The online movie-rental pioneer, citing patent infringement, asks a court to shut its newer rival and order damages.

April 05, 2006|Claire Hoffman | Times Staff Writer

The largest mail-order movie-rental service sued the world's largest video-rental chain Tuesday saying, in essence, that when it comes to no late fees, imitation isn't flattering.

Netflix Inc. accused Blockbuster Inc. of patent infringement, alleging that its online site illegally copied Netflix's method of allowing customers to order videos over the Internet.

Netflix asked a federal judge in San Francisco to shut down the 20-month-old It also seeks unspecified damages.

Among the Netflix innovations that Blockbuster allegedly copied: no late fees on movie rentals, allowing customers to get a new DVD as soon as they return one, and the online dynamic queue -- a wish list for movies that subscribers can use to prioritize which films they want when.

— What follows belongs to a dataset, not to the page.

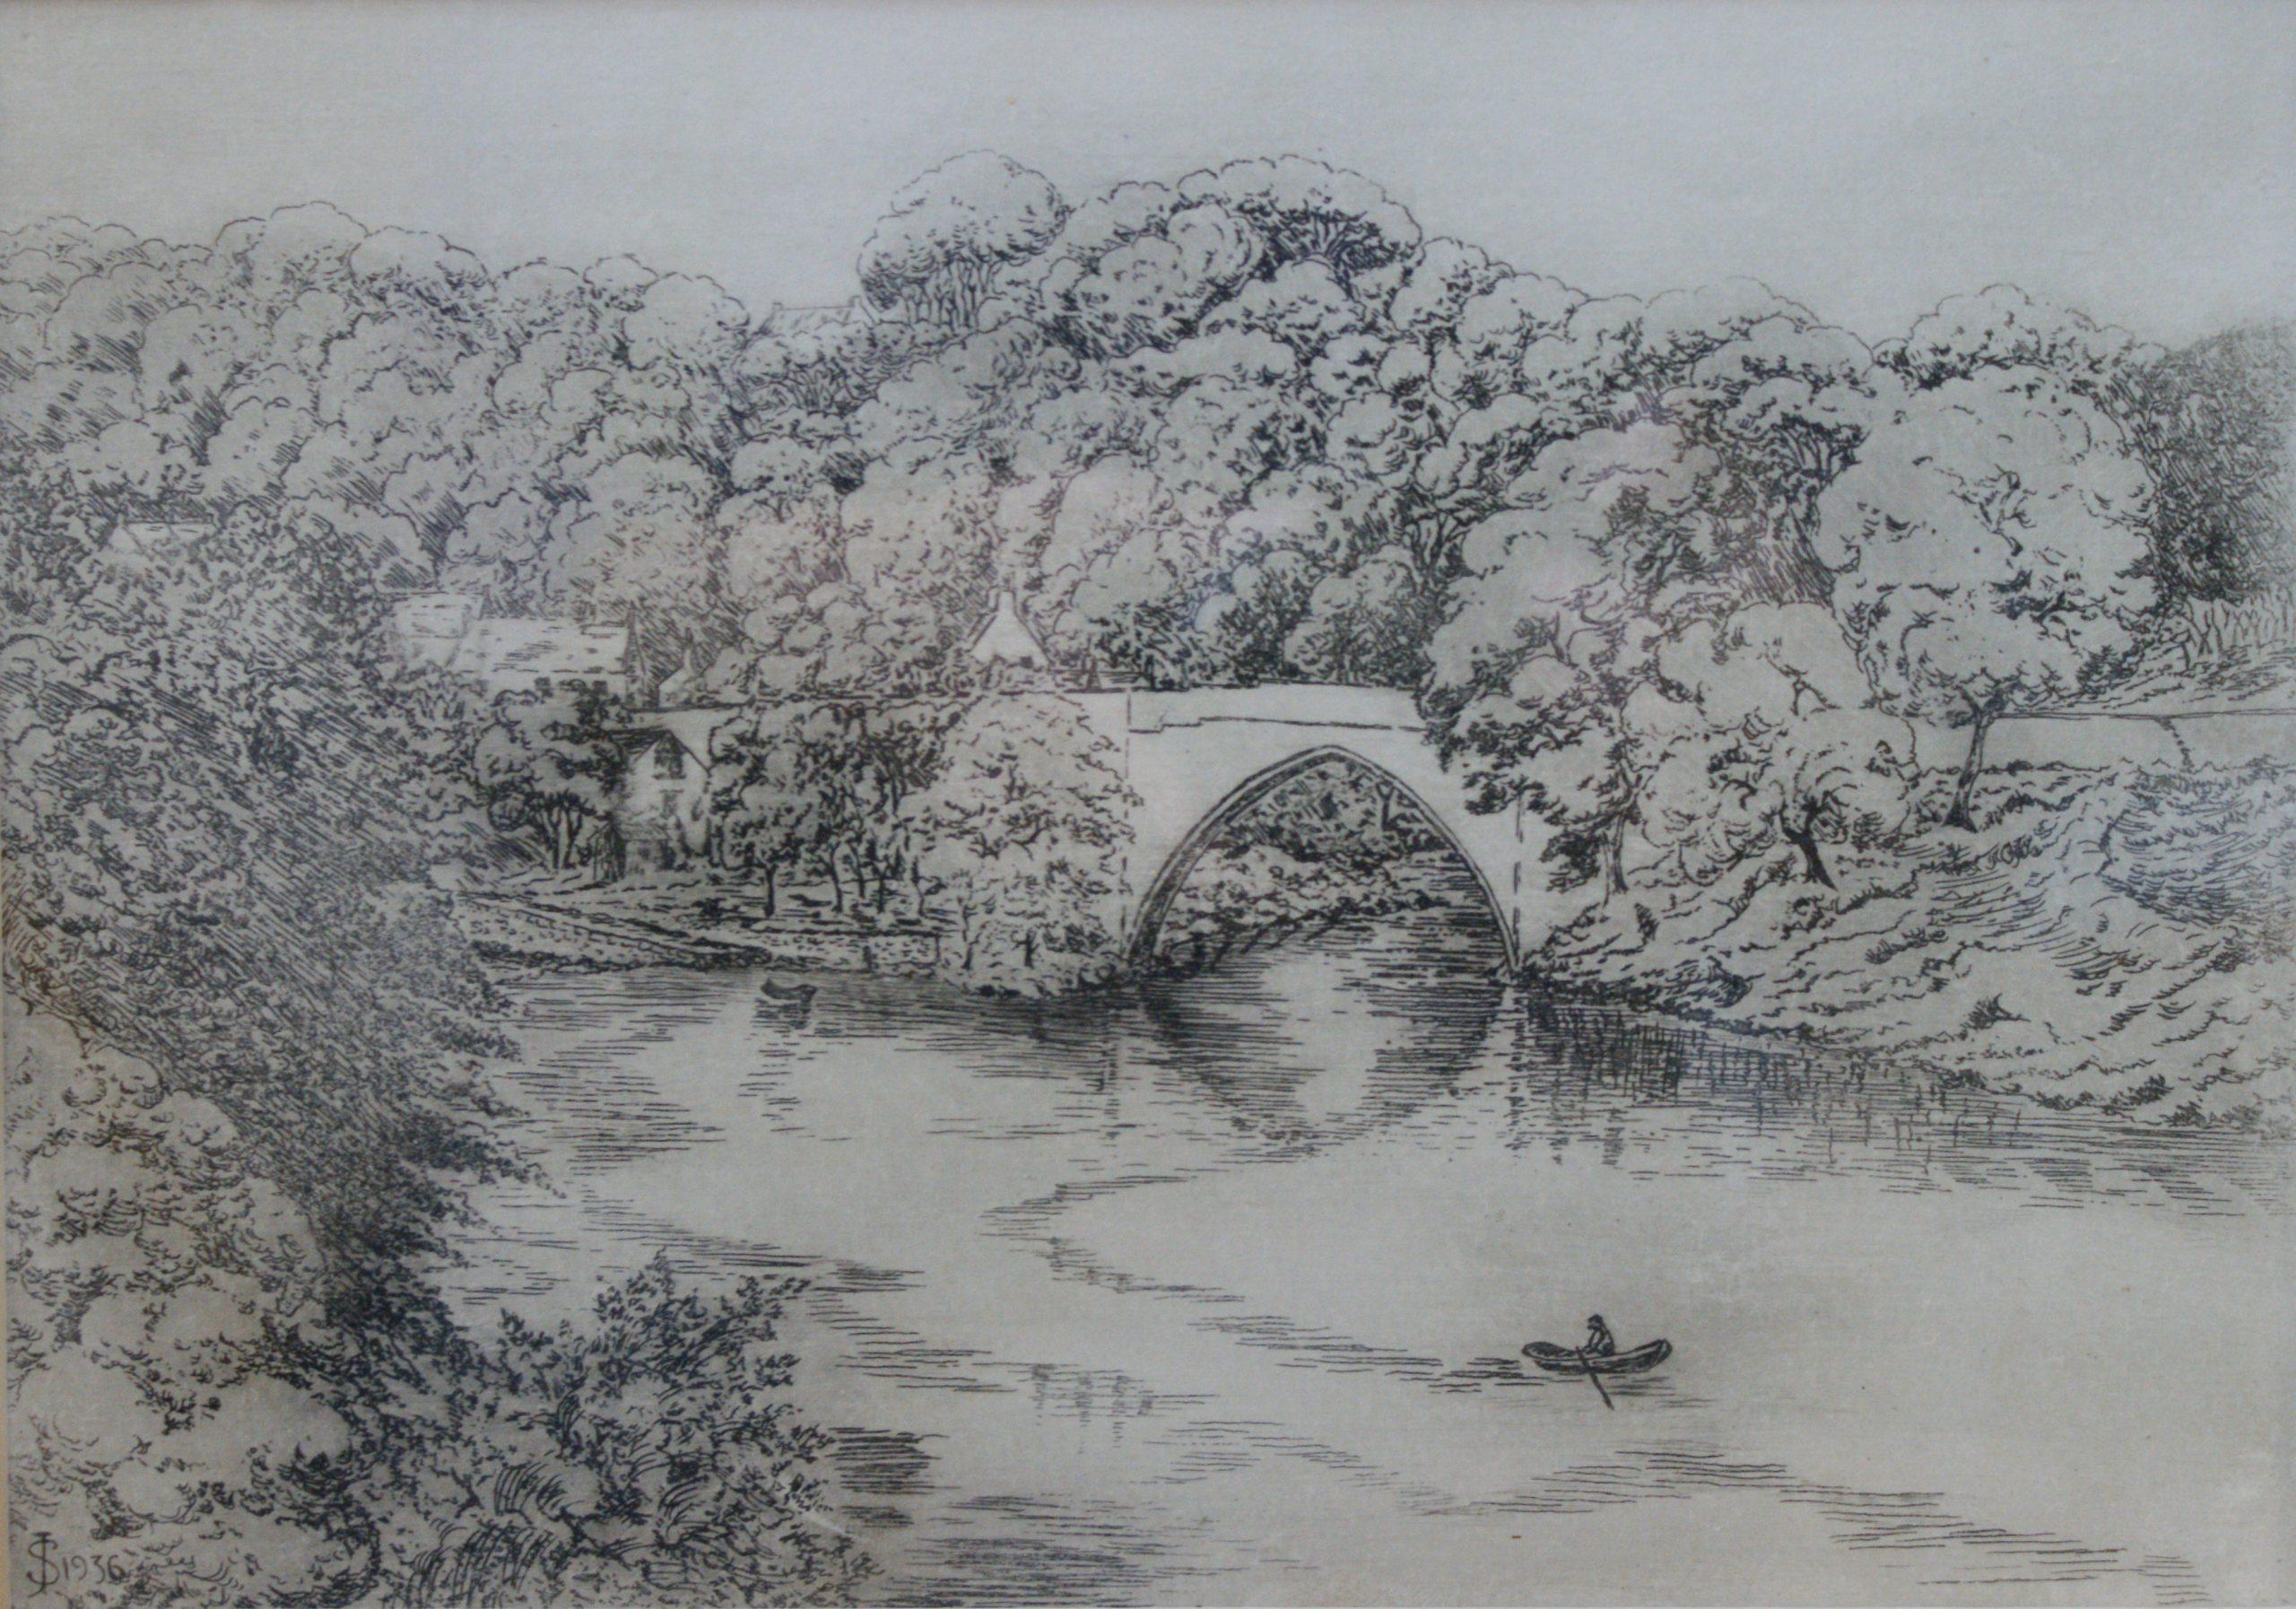 John Smith - The Bridge

"It seems obvious because Netflix has made it obvious," said Steve Swasey, a spokesman for Netflix, which was founded in 1999. "We've filed suit to protect our invention. Netflix has built a better mousetrap and Blockbuster copied it."

A spokesman for Blockbuster said the company had not yet been served with court papers so it could not comment.

Based in Los Gatos, Calif., Netflix has steadily increased the number of its customers, reaching 4.2 million by the end of 2005. Subscribers pay a monthly service fee for unlimited movie rentals, choosing from about 55,000 titles including Hollywood action flicks and foreign-made cult films.

Sending out 7 million movies a month, the company is one of the U.S. Postal Service's highest volume customers.

Netflix holds two U.S. patents for its business method. The first, granted in 2003, covers the way Netflix customers select and receive several movies at a time, and then return them for more titles.

The second, issued Tuesday, "covers a method for subscription-based online rental that allows subscribers to keep the DVDs they rent for as long as they wish without incurring any late fees, to obtain new DVDs without incurring additional charges and to prioritize and reprioritize their own personal dynamic queue," the lawsuit said.

Blockbuster began its online rental service in August 2004. Like Netflix, its most popular plan is $17.99 a month, for three movies at a time. By the end of 2005, the Dallas-based company said it had about 1.2 million subscribers.

Blockbuster said last month that it hoped to increase its online customers to 2 million by the end of this year. At the same time it plans to close between 100 and 150 of its stores. Blockbuster posted a net loss of $588.1 million for 2005.

Netflix reported $41.9 million net income for 2005.

One expert in patent infringement said the case was similar to other suits in recent years that have dealt with unique ideas created for doing business online.

"With business method patents, we once again see how the courts and the laws struggle with emerging technology," said Pamela Banner Krupka, whose private Los Angeles-based practice specializes in patent work.

Shares for Blockbuster fell 8 cents, or 2.1%, to $3.80. Netflix shares closed down 72 cents to $27.41.